The district’s Shared Dreams program began in 1988 when Dulles and Palmer elementary schools started a clothing exchange for its students in need. Each sent their collected items to the other school to eliminate the chance of a student spotting a classmate wearing his or her donated clothing. Now, the program assists students and their families across the district.

“We don’t believe that something is better than nothing because we want better,” program supervisor and Collaborative Communities Assistant Director Bobbie Anderson said. She has led Shared Dreams for 25 years.

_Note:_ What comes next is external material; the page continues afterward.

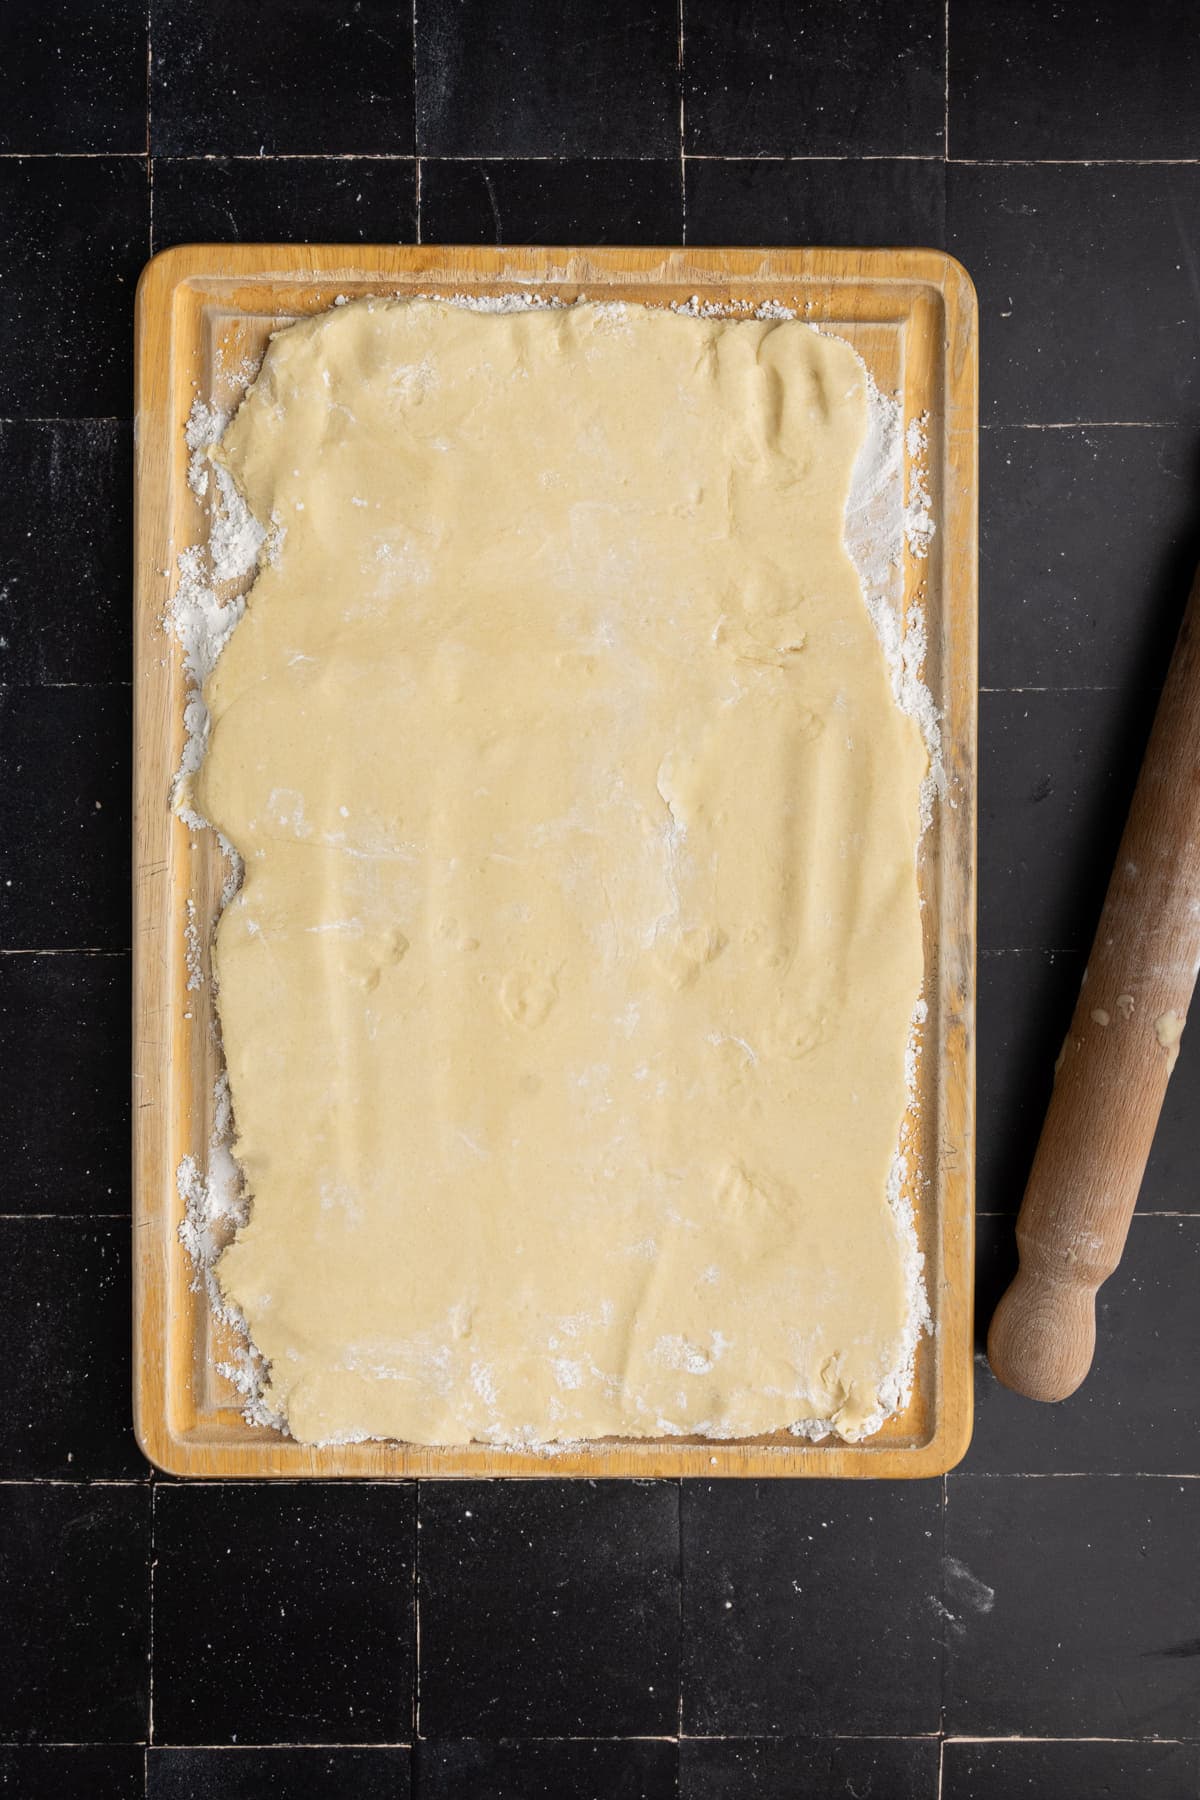 Rolling sugar cookie dough out on a floured surface to use cookie cutters.

The program takes a pass on donated items that are too worn or stained to be repaired.

“Sometimes it’s the hardest thing parents can do to come here, and we want them to have dignity,” Anderson said. “I want to make sure that when they leave, this has been a positive experience for them.”

Fifty-two percent of the district’s 80,000 students are classified as economically disadvantaged and the need is growing.

In the past year, the Shared Dreams facility located next to FBISD’s Progressive High School at 1555 Independence Blvd in Missouri City, has expanded from one large room to four times as much space.

“Boxes of donated items would be stacked up so high in the room that it would be like walking through a maze,” Collaborative Communities Executive Director Payal Pandit Talati said. “If it were not for our leaders -past and present- and their support, we would not be here.”

The added space comes just in time for Shared Dreams’ annual Holiday Cheer campaign when volunteers, faith-based organizations, community donors, parents, students and staff pitch in to fulfill wish lists submitted by FBISD students.

Donors assemble gift baskets that adhere to a theme. There are movie gift baskets, toiletry baskets, food baskets, cleaning supplies baskets and game baskets. Donors also supply everything from books to bicycles to make holiday dreams come true for FBISD students and their families.

The program is currently accepting Holiday Cheer donations plus donations to meet regular needs. Also, volunteers are needed to help assemble holiday gift bundles. Pandit Talati volunteers with her children and said the benefits of family involvement and group team building are extremely rewarding.

Anderson’s background uniquely qualifies her to run the Shared Dreams’ program. She recalled as a child being told by classmates that there was no way she would be familiar with a popular brand of jeans they were discussing because she was too poor.

“I went home and asked my dad -who had a sixth-grade education- if we were poor. He said, ‘do you have a roof over your head?’ I said, ‘yes sir.’ He said, ‘do you have food, a clean bed, someone who loves you? Then, you’re not poor.’ I said, ‘I knew those girls were wrong’ but as I grew up, I realized what they saw.”

Anderson was an only child being raised by a single dad. Her father died when she was 14 and she was raised by a “community” of relatives after that, most notably her grandmother who Anderson refers to as “the smartest woman I’ve ever known,” despite having no formal education.

The example her grandmother set is key to how Anderson, a former high school dropout, went on to earn her GED, then entered college and earned her bachelor’s degree, then a master’s, and presently she is working toward her Ph.D. After earning it, she said she will remain at Shared Dreams as “Dr. Bobbie.”

“I understood what it meant to not have what other students had and I don’t ever want that for our students,” Anderson said. “I want them to feel just like any other students sitting next to them.”